I am Siobhan An Jie Russell Wood, a photographer, sculptor, plus sized model, ex-fashion assistant, video maker, and poet. My multi-disciplinary studio practice is informed by these experiences. I work in a highly mediated collaged process that mimics the way information is thrown at us and only some of it sticks.
I reckon with my daily insertion into foreign social and racial contexts. My bloodline is a product of displacement because of British and Dutch Colonial rule in the Americas, Asia, Africa, and New Zealand. I am related to the enslaved, slave owners, and enslavers. I look to my own imperialist trade histories to examine the commodified ‘Other’ and representations of diaspora ‘kulture’ within western society and media.

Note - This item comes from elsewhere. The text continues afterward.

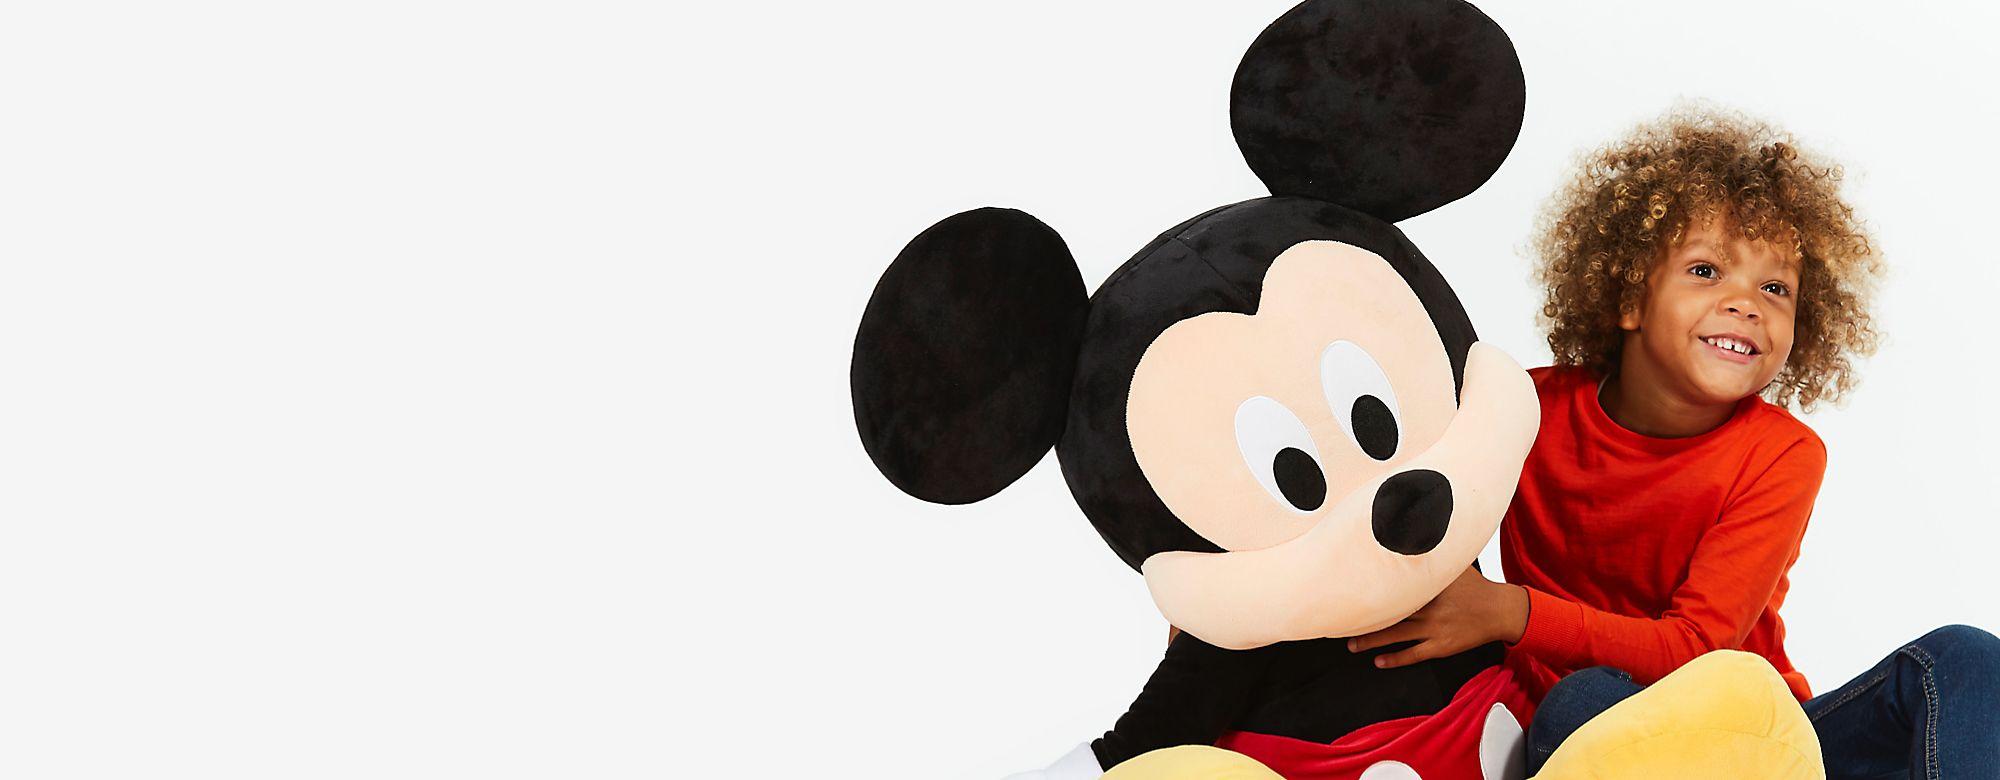 Disney Diffondi la magia attorno a te, assieme alla nostra gamma di giocattoli originali firmati Disney, le linee di abbigliamento, le statutine, tutti gli oggetti da collezione, gli articoli per la casa, i regali per adulti e bambini e altro ancora CONTINUA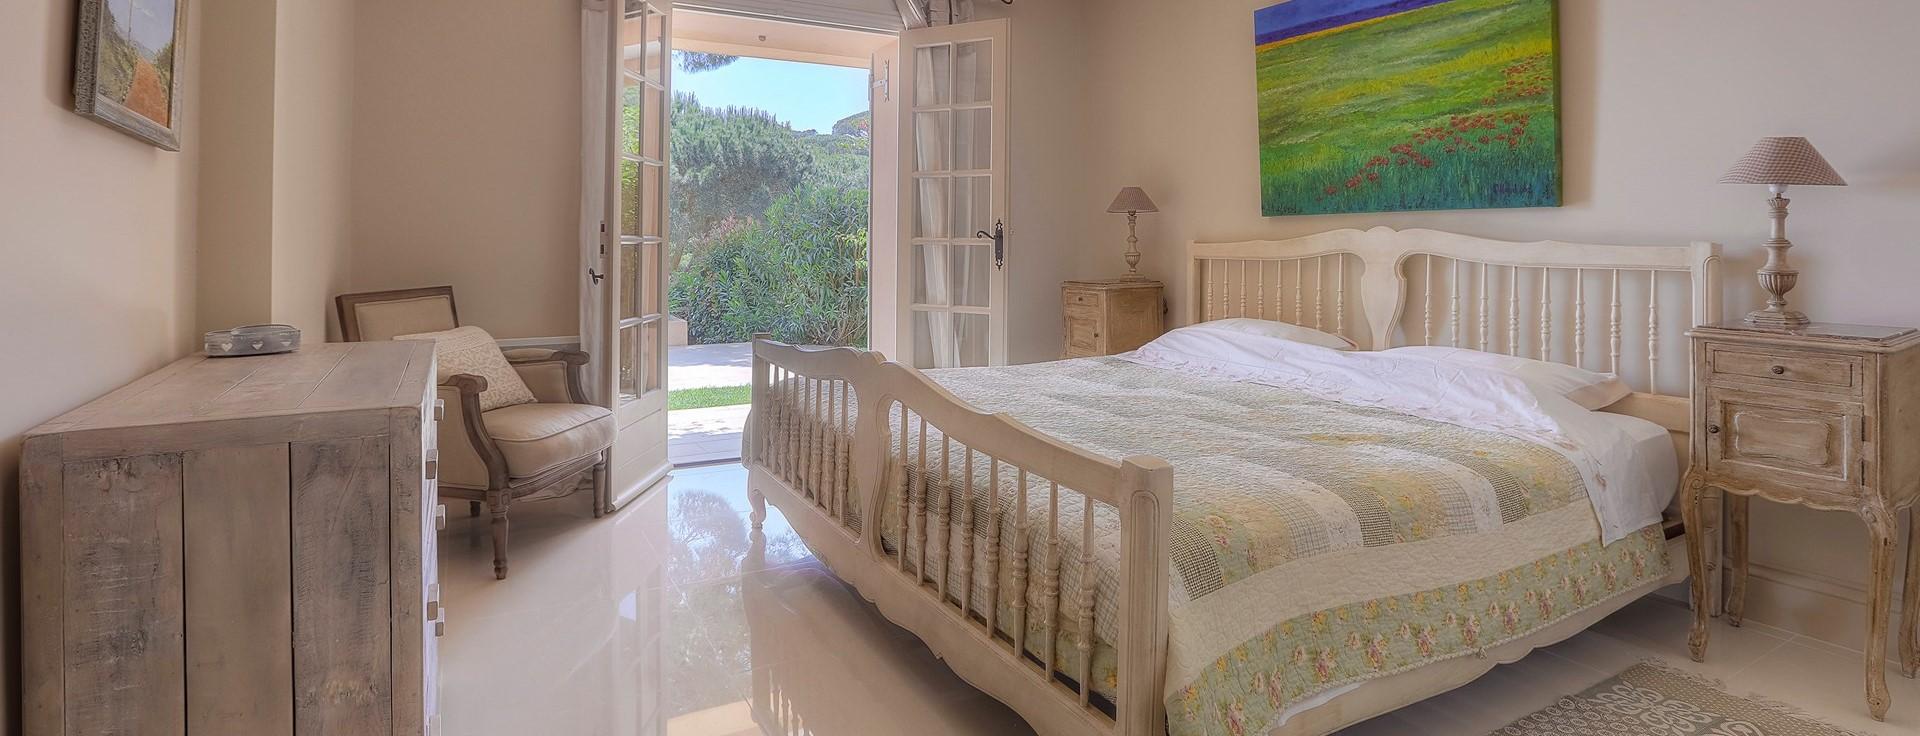 villa-gigaro-double-bedroom-3

My work is a material rendering of cultural abstraction, the scar tissue of diaspora. An ongoing study and re-appropriation of the process of ‘cultural abstraction’ that I believe my own mixed ethnicity/class body has been through. My ideas around diaspora, identity, media commodified ‘otherness’, and assimilation are touched on but my main aim is to unpack the whole notion of the ‘creation of identity’ itself within late capitalism.
Text and language is important because my heritage has only been understood orally through stories. Due to the inherently complicated nature of displaced peoples’ histories, I want to reclaim that past, freeing it from systems of suppression. ‘We say things when the doors are closed. Things so true they’re only spoken, not written.’ An intentional interruption to centralized narratives of power that silence ‘Othered’ voices – family lore, spoken-spell-whispered-witchcraft- is at the core of this project, braiding image and language together. The parts are still discernible, but together they become something ‘other.’ Like me: visible and invisible, foreign and native. It is a deliberate decomposition of generational paranoia, truths untold, and internalised lies from the white guy. The materiality of my work centres on this mysticism as I channel my ancestors. ‘For, we want happiness, and faces of joy to devour this prolonged generational scream. of the broken, the trodden, the downright unseen.’